Hidden Grief: Emotions after a Child Diagnosis

Hidden Grief: Emotions after a Child Diagnosis

Hidden Grief: Emotions after a Child Diagnosis

It’s confusing to experience grief when your child is present, living, and receiving your love. However, grief is a common and often overlooked emotion for many parents who are told their child has a diagnosis.

Grief is often seen as a response to personal tragedy. But let’s be clear – having a child with disabilities is not a tragedy. Instead, we speak of grief as the feeling of sorrow in addition to feelings of well-being, personal joy, and optimism that are being felt when going through that process.

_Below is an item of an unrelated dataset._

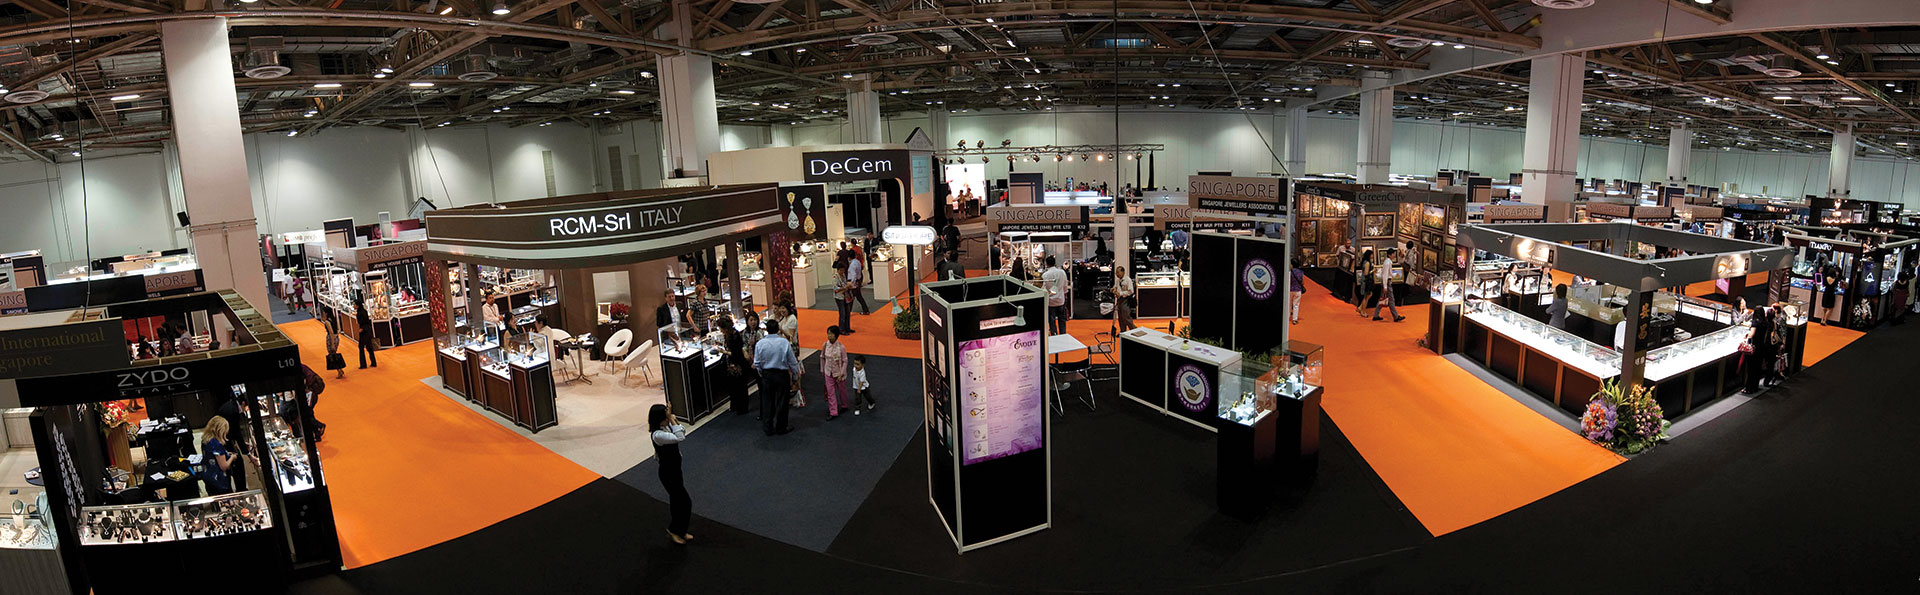 D Max Exhibition Hall : Exhibitions
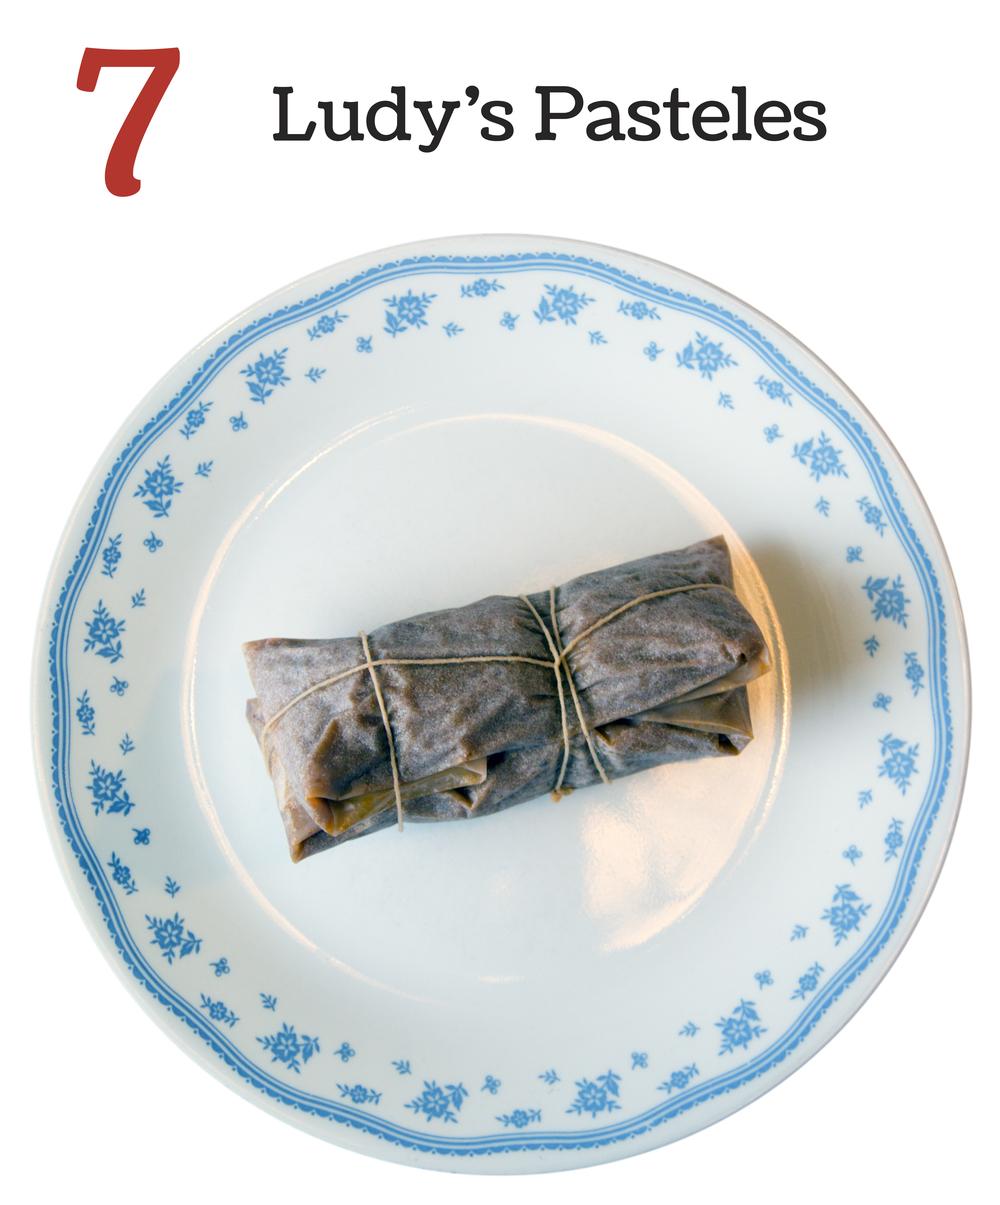 7 Ludy's Pasteles.jpg

How can grief show up for parents of children with disabilities?

While typically associated with loss or death, grief is an overlooked emotion parents feel when their child receives a diagnosis. Numerous studies show that parents of children with autism, chronic illnesses (e.g., allergies, diabetes, epilepsy, etc), developmental disabilities, intellectual disabilities, or mental health diagnoses report feeling grief at the moment of diagnosis and continuous waves of grief in addition to their day-to-day parenting joys. This also includes the “8 stages of grief,” which are shock, denial, anger, guilt, depression, shame, acceptance, and empowerment.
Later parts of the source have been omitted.